◆ Aim of the exercise
Please restate the data that follows, leaving every word in place.

(Items from a data source)
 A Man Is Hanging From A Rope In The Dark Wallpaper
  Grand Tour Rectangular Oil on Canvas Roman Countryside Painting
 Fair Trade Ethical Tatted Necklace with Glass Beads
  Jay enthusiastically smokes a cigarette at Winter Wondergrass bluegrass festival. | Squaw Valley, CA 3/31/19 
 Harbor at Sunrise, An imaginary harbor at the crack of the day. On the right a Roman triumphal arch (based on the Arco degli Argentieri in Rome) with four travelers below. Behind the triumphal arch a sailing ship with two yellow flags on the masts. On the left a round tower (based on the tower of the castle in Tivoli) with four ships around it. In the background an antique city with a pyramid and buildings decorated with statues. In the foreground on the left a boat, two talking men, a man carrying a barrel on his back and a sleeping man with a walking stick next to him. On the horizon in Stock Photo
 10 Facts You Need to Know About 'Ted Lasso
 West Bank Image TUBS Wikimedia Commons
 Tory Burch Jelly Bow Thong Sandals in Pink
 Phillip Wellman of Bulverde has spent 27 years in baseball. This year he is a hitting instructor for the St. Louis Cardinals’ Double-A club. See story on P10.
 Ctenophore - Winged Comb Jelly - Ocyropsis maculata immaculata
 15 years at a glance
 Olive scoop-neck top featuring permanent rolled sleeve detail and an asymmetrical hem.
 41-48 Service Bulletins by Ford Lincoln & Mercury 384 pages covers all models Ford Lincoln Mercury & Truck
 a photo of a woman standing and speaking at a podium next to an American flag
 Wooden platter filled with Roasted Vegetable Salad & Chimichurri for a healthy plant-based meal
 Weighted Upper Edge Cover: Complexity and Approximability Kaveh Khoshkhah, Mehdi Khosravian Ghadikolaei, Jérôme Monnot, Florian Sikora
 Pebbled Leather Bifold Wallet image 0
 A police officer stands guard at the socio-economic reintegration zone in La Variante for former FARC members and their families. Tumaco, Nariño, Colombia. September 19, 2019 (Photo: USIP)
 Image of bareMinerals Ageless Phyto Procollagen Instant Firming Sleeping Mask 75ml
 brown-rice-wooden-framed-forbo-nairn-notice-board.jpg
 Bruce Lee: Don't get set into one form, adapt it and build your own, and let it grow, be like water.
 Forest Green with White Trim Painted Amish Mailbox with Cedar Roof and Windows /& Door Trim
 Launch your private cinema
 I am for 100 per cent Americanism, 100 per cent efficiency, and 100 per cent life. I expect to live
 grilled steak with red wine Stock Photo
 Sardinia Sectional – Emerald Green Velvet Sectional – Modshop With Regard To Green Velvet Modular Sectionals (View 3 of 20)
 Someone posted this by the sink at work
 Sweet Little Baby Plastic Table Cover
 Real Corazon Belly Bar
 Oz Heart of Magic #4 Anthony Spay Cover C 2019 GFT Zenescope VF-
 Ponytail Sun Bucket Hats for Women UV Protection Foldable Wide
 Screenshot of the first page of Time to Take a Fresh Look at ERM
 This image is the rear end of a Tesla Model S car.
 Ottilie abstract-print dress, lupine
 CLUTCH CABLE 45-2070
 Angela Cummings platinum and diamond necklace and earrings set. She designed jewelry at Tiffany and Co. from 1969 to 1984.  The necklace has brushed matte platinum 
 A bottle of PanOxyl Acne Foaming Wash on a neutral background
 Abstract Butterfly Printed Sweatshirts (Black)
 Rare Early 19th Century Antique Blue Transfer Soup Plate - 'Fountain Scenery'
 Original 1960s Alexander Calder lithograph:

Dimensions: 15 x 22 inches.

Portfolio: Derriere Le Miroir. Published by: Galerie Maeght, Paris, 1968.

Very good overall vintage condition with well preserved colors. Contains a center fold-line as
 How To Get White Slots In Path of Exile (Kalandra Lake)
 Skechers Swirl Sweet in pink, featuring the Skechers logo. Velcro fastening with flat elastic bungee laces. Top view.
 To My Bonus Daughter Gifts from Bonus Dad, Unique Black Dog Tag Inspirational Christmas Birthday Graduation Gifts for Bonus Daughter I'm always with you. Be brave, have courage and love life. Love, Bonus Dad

◆ Response to the exercise
 A Man Is Hanging From A Rope In The Dark Wallpaper
  Grand Tour Rectangular Oil on Canvas Roman Countryside Painting
 Fair Trade Ethical Tatted Necklace with Glass Beads
  Jay enthusiastically smokes a cigarette at Winter Wondergrass bluegrass festival. | Squaw Valley, CA 3/31/19 
 Harbor at Sunrise, An imaginary harbor at the crack of the day. On the right a Roman triumphal arch (based on the Arco degli Argentieri in Rome) with four travelers below. Behind the triumphal arch a sailing ship with two yellow flags on the masts. On the left a round tower (based on the tower of the castle in Tivoli) with four ships around it. In the background an antique city with a pyramid and buildings decorated with statues. In the foreground on the left a boat, two talking men, a man carrying a barrel on his back and a sleeping man with a walking stick next to him. On the horizon in Stock Photo
 10 Facts You Need to Know About 'Ted Lasso
 West Bank Image TUBS Wikimedia Commons
 Tory Burch Jelly Bow Thong Sandals in Pink
 Phillip Wellman of Bulverde has spent 27 years in baseball. This year he is a hitting instructor for the St. Louis Cardinals’ Double-A club. See story on P10.
 Ctenophore - Winged Comb Jelly - Ocyropsis maculata immaculata
 15 years at a glance
 Olive scoop-neck top featuring permanent rolled sleeve detail and an asymmetrical hem.
 41-48 Service Bulletins by Ford Lincoln & Mercury 384 pages covers all models Ford Lincoln Mercury & Truck
 a photo of a woman standing and speaking at a podium next to an American flag
 Wooden platter filled with Roasted Vegetable Salad & Chimichurri for a healthy plant-based meal
 Weighted Upper Edge Cover: Complexity and Approximability Kaveh Khoshkhah, Mehdi Khosravian Ghadikolaei, Jérôme Monnot, Florian Sikora
 Pebbled Leather Bifold Wallet image 0
 A police officer stands guard at the socio-economic reintegration zone in La Variante for former FARC members and their families. Tumaco, Nariño, Colombia. September 19, 2019 (Photo: USIP)
 Image of bareMinerals Ageless Phyto Procollagen Instant Firming Sleeping Mask 75ml
 brown-rice-wooden-framed-forbo-nairn-notice-board.jpg
 Bruce Lee: Don't get set into one form, adapt it and build your own, and let it grow, be like water.
 Forest Green with White Trim Painted Amish Mailbox with Cedar Roof and Windows /& Door Trim
 Launch your private cinema
 I am for 100 per cent Americanism, 100 per cent efficiency, and 100 per cent life. I expect to live
 grilled steak with red wine Stock Photo
 Sardinia Sectional – Emerald Green Velvet Sectional – Modshop With Regard To Green Velvet Modular Sectionals (View 3 of 20)
 Someone posted this by the sink at work
 Sweet Little Baby Plastic Table Cover
 Real Corazon Belly Bar
 Oz Heart of Magic #4 Anthony Spay Cover C 2019 GFT Zenescope VF-
 Ponytail Sun Bucket Hats for Women UV Protection Foldable Wide
 Screenshot of the first page of Time to Take a Fresh Look at ERM
 This image is the rear end of a Tesla Model S car.
 Ottilie abstract-print dress, lupine
 CLUTCH CABLE 45-2070
 Angela Cummings platinum and diamond necklace and earrings set. She designed jewelry at Tiffany and Co. from 1969 to 1984.  The necklace has brushed matte platinum 
 A bottle of PanOxyl Acne Foaming Wash on a neutral background
 Abstract Butterfly Printed Sweatshirts (Black)
 Rare Early 19th Century Antique Blue Transfer Soup Plate - 'Fountain Scenery'
 Original 1960s Alexander Calder lithograph:

Dimensions: 15 x 22 inches.

Portfolio: Derriere Le Miroir. Published by: Galerie Maeght, Paris, 1968.

Very good overall vintage condition with well preserved colors. Contains a center fold-line as
 How To Get White Slots In Path of Exile (Kalandra Lake)
 Skechers Swirl Sweet in pink, featuring the Skechers logo. Velcro fastening with flat elastic bungee laces. Top view.
 To My Bonus Daughter Gifts from Bonus Dad, Unique Black Dog Tag Inspirational Christmas Birthday Graduation Gifts for Bonus Daughter I'm always with you. Be brave, have courage and love life. Love, Bonus Dad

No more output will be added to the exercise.